L'agriculture et en particulier la Viticulture a été une évidence.
La première noblesse est universelle : nourrir l'ensemble des humains, c'est-à-dire apporter ce qui nourrit le corps, et pas seulement apporter "la ration alimentaire". C'est aussi apporter des éléments de plaisirs et de découverte au travers d'un pays et d'un paysage.
L'agriculture est un témoignage d'éthique, de dévouements, ce n'est pas pour rien que nous avons dans le nom de notre métier "culture", c'est-à-dire "culte". Avoir le culte, c'est honorer, c'est vénérer, c'est rendre hommage...
À ce dévouement pour la nature et au "pays", en tant que paysan, nous avons joint le métier de restaurateur.
Nous sommes paysans et restaurateurs, nous utilisons la fermentation et l'usage du feu qui sont à l'origine des méthodes de conservation, mais également des modes de révélation, de sublimation de la matière brute, riche de ses caractères d'origines. C'est une métamorphose, le passage d'une matière brute, simple à un état complexe et subtil.
Au cours de mes 45 années de carrières, je me suis attaché à comprendre le pays où je vivais, de le servir et avoir la capacité d'apporter ce témoignage aux quatre coins de la planète.
Les rencontres culturelles sont toujours très utiles et permettent d'expliquer que nous ne venons pas "vendre" un produit meilleur, mais nous venons proposer un témoignage d'un autre pays. Nous pouvons rencontrer toutes les composantes qui forment notre planète en explorant sa géographie par le voyage, en écoutant leurs musiques, en admirant l'architecture dédiée, en découvrant les végétaux, animaux, aliments ou boissons spécifiques à un terroir et leurs façons de les préparer et de les cuisiner.
Je ne suis pas à la tête d'une exploitation, je n'exploite rien ni personne, mais je suis le serviteur de terres et de territoires.
Je m'occupe de 75 000 pieds de vigne qui vivent dans des villages différents (crus ou finages) et dans des maisons différentes (parcelles ou lieux-dits).
Le tout occupe une surface de 8,5 ha.
La petite taille qui me permet de faire du cousu main.
Le dévouement de mes collaborateurs
La compréhension de ma famille
La possibilité de mettre en scène notre activité grâce à notre hôtel-restaurant qui accueille des personnes des 4 coins de la planète.

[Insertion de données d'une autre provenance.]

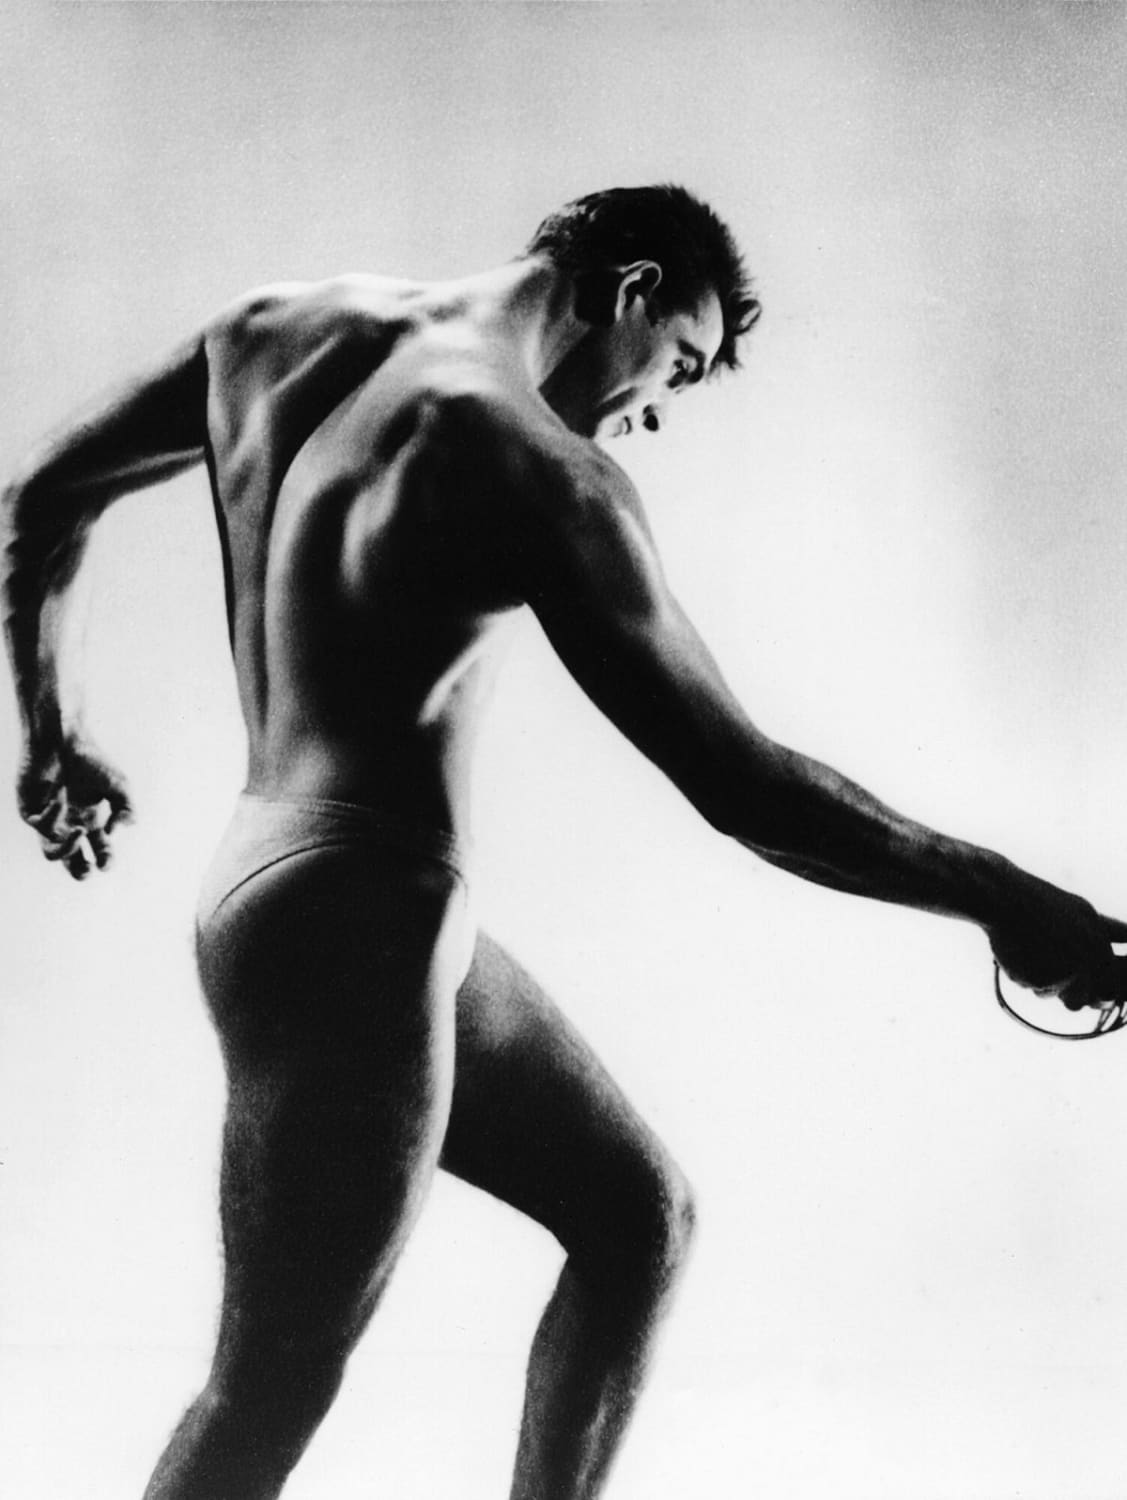 Sean Connery finished third in the Mr. Universe competition in 1953.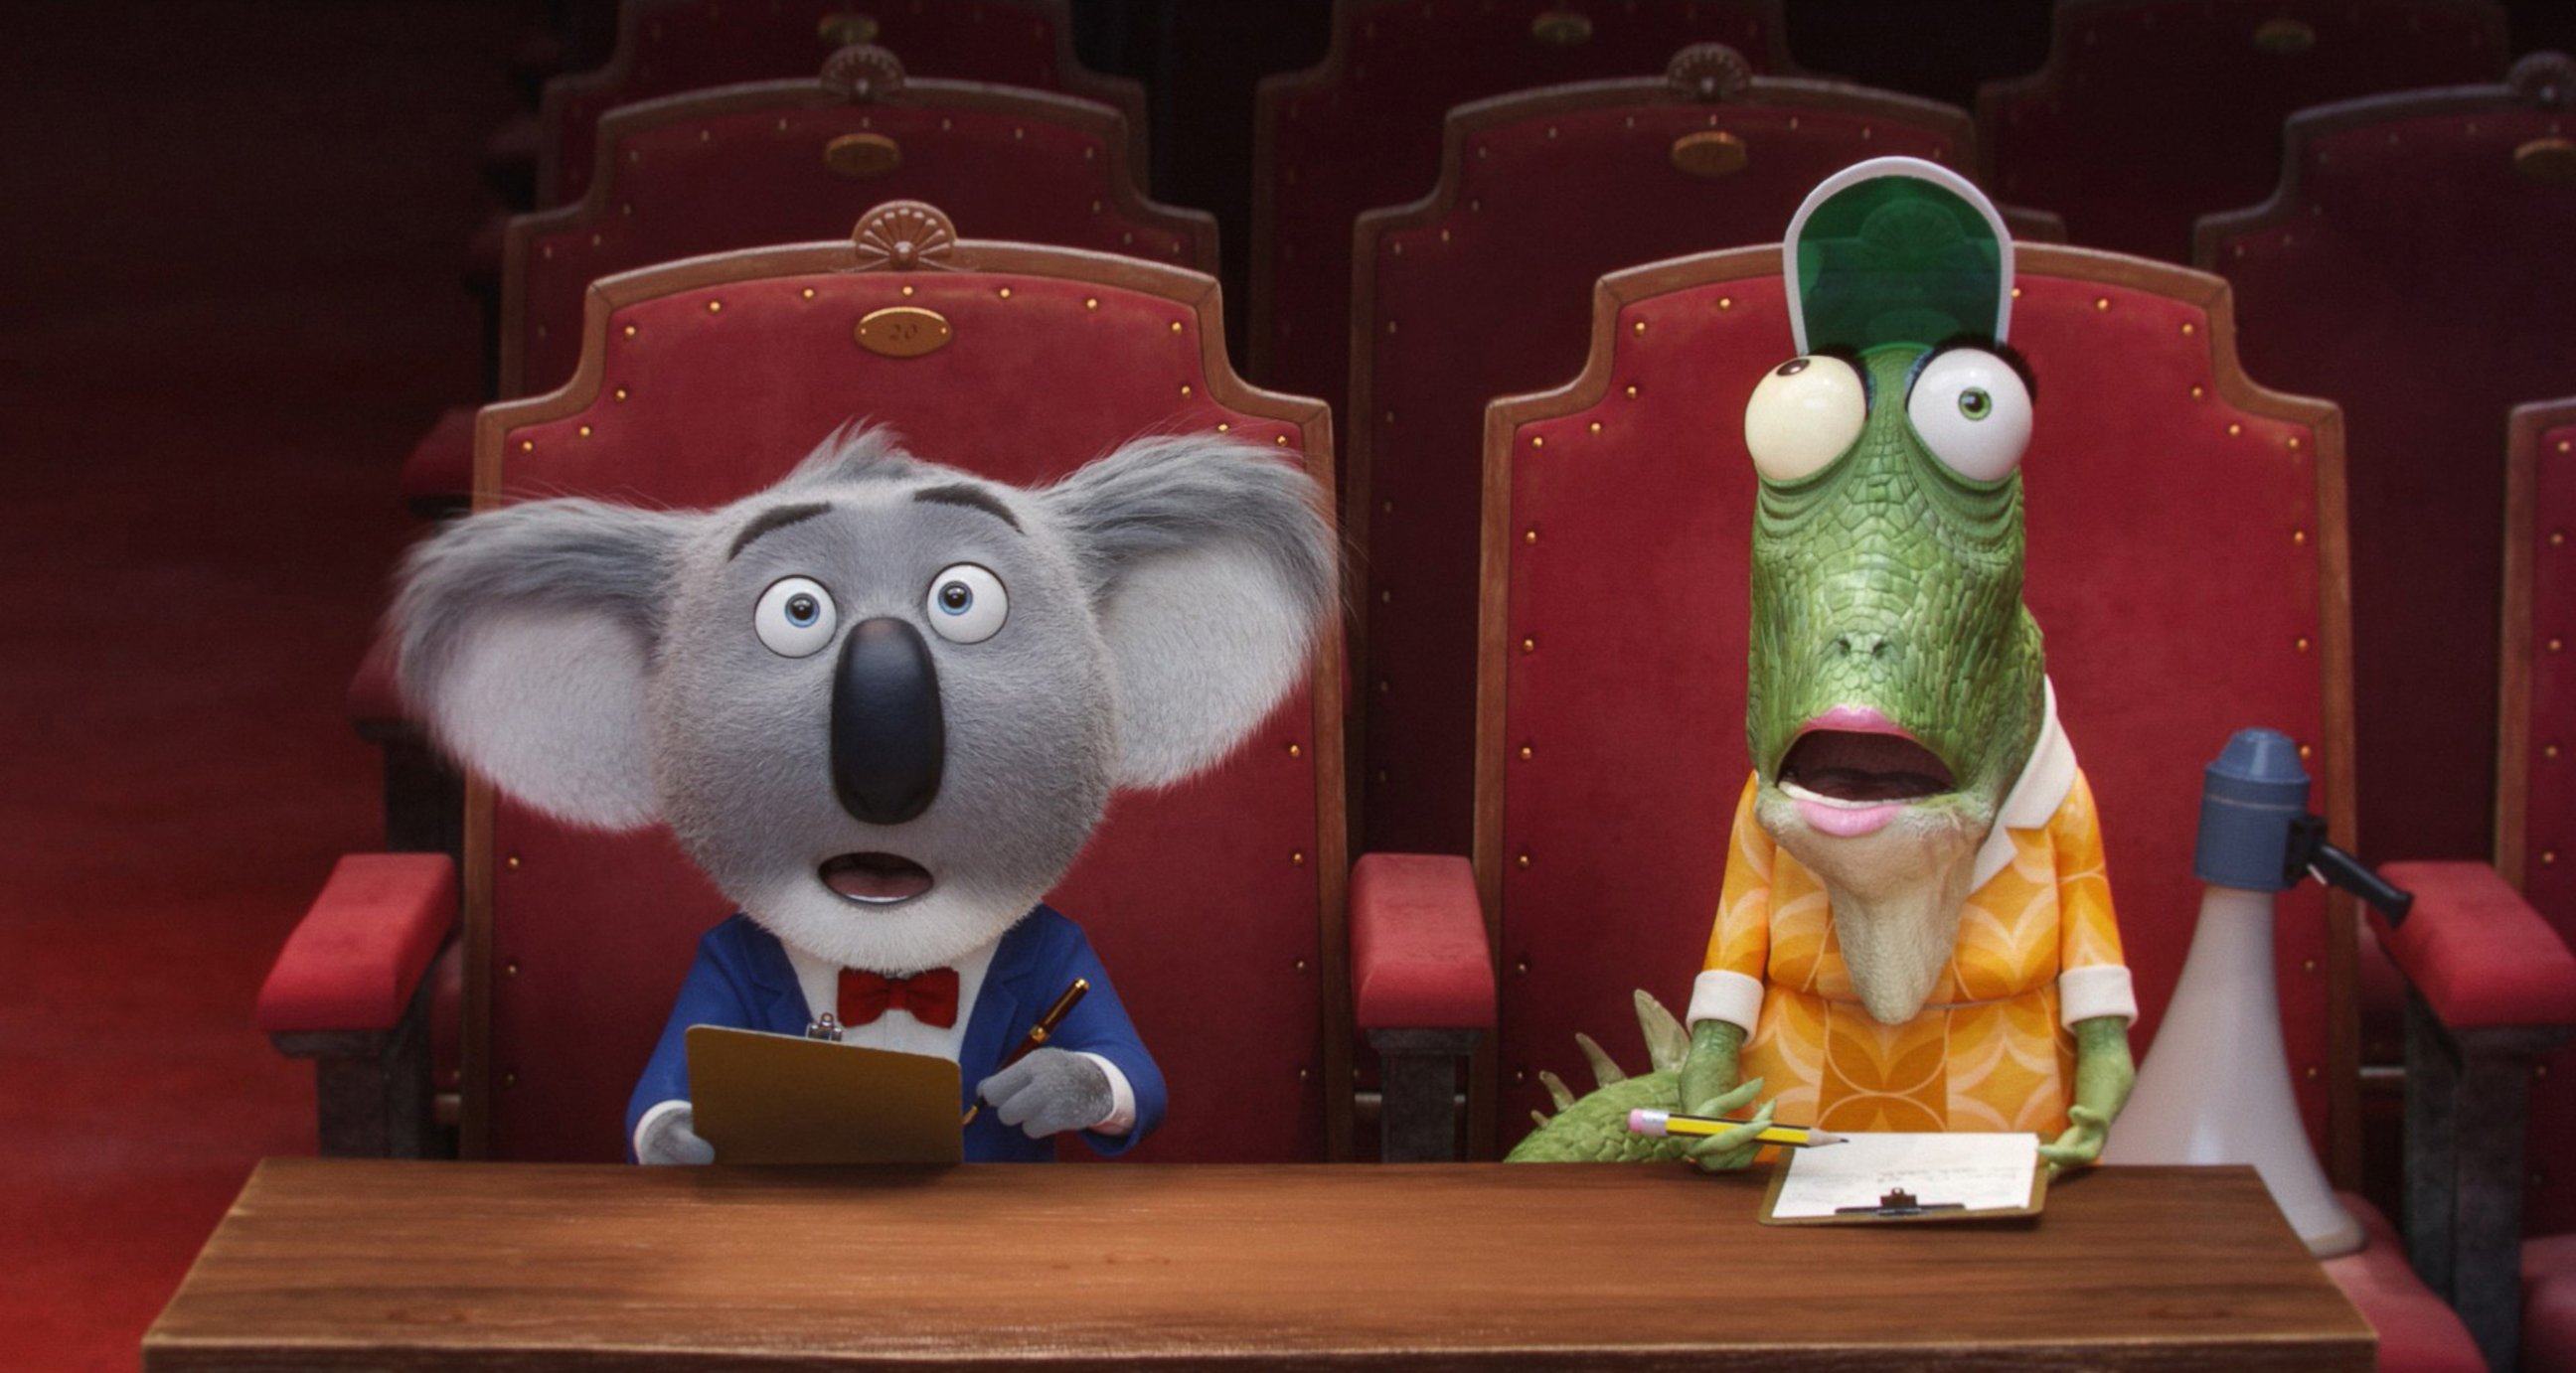 PHOTO: Matthew McConaughey stars as, dapper Koala Buster Moon, and director Garth Jennings, voices elderly lizard Miss Crawly, in "Sing," a musical comedy about finding the shining star that lives inside all of us.

La rencontre avec de grands biologistes comme Jean Marie Pelt, Marc André Selosse, Claude Bourguignon, Gérard Ducerf, Masanobu Fukuoka (père de la permaculture) m'ont rendu sensible au biotope et à l'écosystème spécifique de la Champagne : c'est ce que nous pouvons appeler un terroir. Depuis, je cultive et je sers ce pays, ce paysage singulier, en bon paysan.
Ma première pensée est de respecter les indigènes (plantes, animaux, insectes, macro organismes, micro organismes, ...), de façon à ne pas "coloniser".
Avec le domaine viticole, je cherche à "capter" le savoir du lieu, par la sève.
Les deux mots ont la même étymologie comme les mots saveur, savon, sapide ou insipide. C'est une évidence pour un producteur de whisky, de bière ou de saké, l'eau donne le caractère. Ensuite, par la fermentation et l'élevage, je cherche à minéraliser, c'est à dire à oxyder, c'est à dire à user l'organique pour faire apparaître la saveur spécifique du lieu.
Ce qui est unique en Champagne est notre craie du Campanien qui est une sédimentation de squelettes microscopiques de zoo-plancton dû au retrait de la mer qui a piégé tous les macros, micros et oligo-éléments de la mer et en particulier le sodium et le magnésium. Les autres calcaires proviennent de la cristallisation du carbonate de calcium par refroidissement.
Avec le restaurant, nous cherchons à proposer à notre table la spécificité du repas français reconnue par l'UNESCO et les spécificités des produits champenois tant en nourritures qu'en boissons.